The Medical Research Council (MRC) National Survey of Health and Development (NSHD) is the oldest and longest running of the British birth cohort studies.
Also known as the 1946 British birth cohort study, it has followed 5,362 men and women since their birth in England, Scotland or Wales in one week in March 1946, so far until age 68 years. Today, with study members in their sixties, the NSHD offers a unique opportunity to explore the long-term biological and social processes of ageing and how ageing is affected by factors acting across the whole of life.
From an initial maternity survey of 13,687 of all births recorded in England, Scotland and Wales during one week of March, 1946, a socially stratified sample of 5,362 singleton babies born to married parents was selected for follow-up. This sample comprises the NSHD cohort and participants have been studied 23 times.

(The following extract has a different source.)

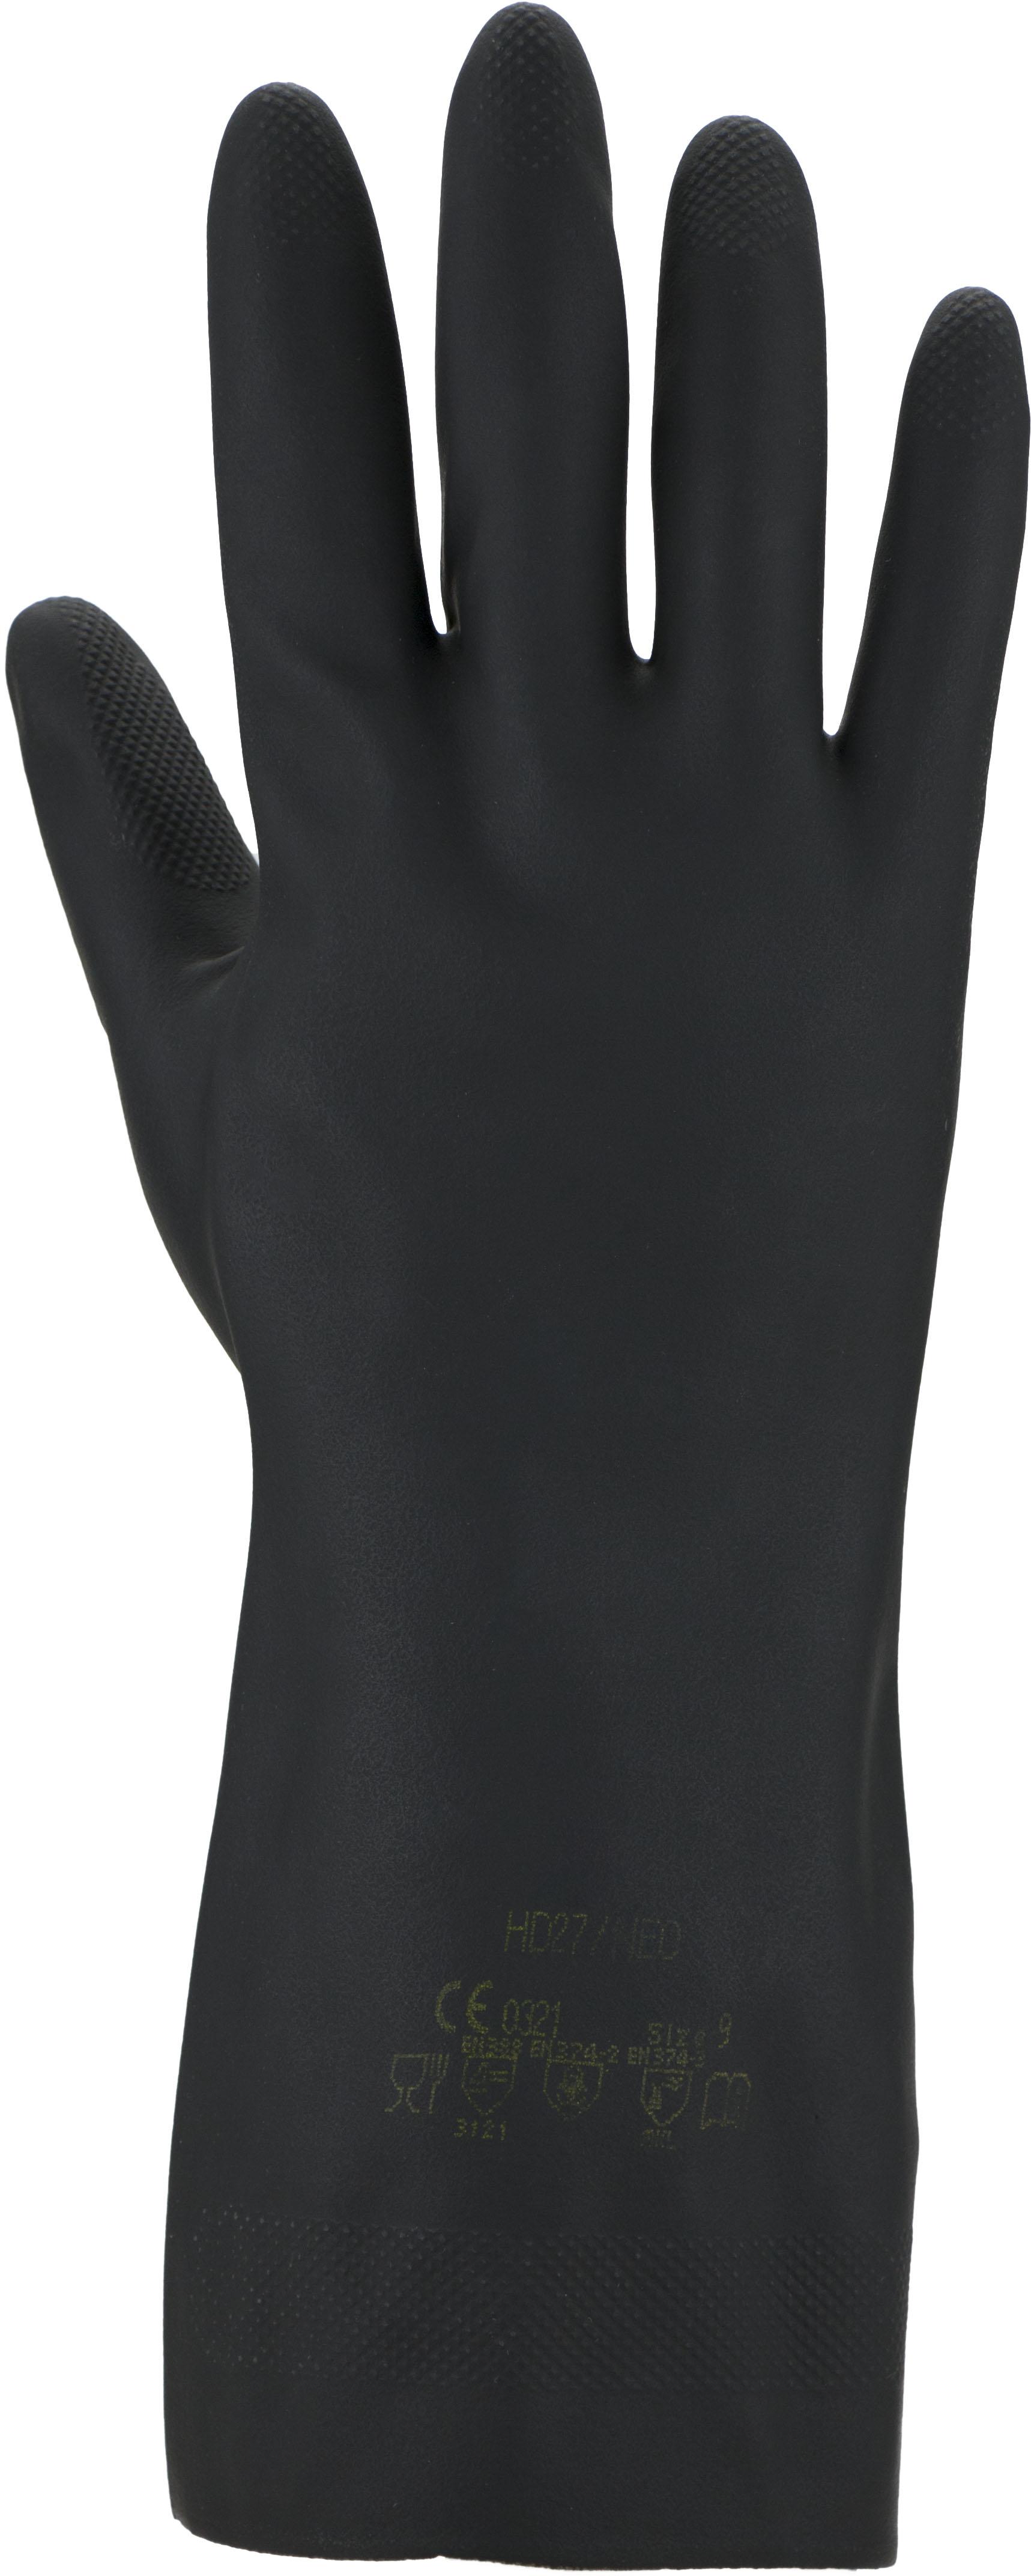 Chemikalienschutz-Handschuh Neoprene

During their childhood, the main aim of the NSHD was to investigate how the environment at home and at school affected physical and mental development and educational attainment. During adulthood, the main aim was to investigate how childhood health and development and lifetime social circumstances affected their adult health and function and how these change with age. Now, as participants reach retirement, the research team is developing the NSHD into a life course study of ageing.
Management and funding
Accessing the data
The 1946 MRC National Survey for Health and Development (NSHD) has governance and access arrangements that comply with MRC data sharing policy. The survey data are accessible to bona fide researchers by applying through the NSHD website.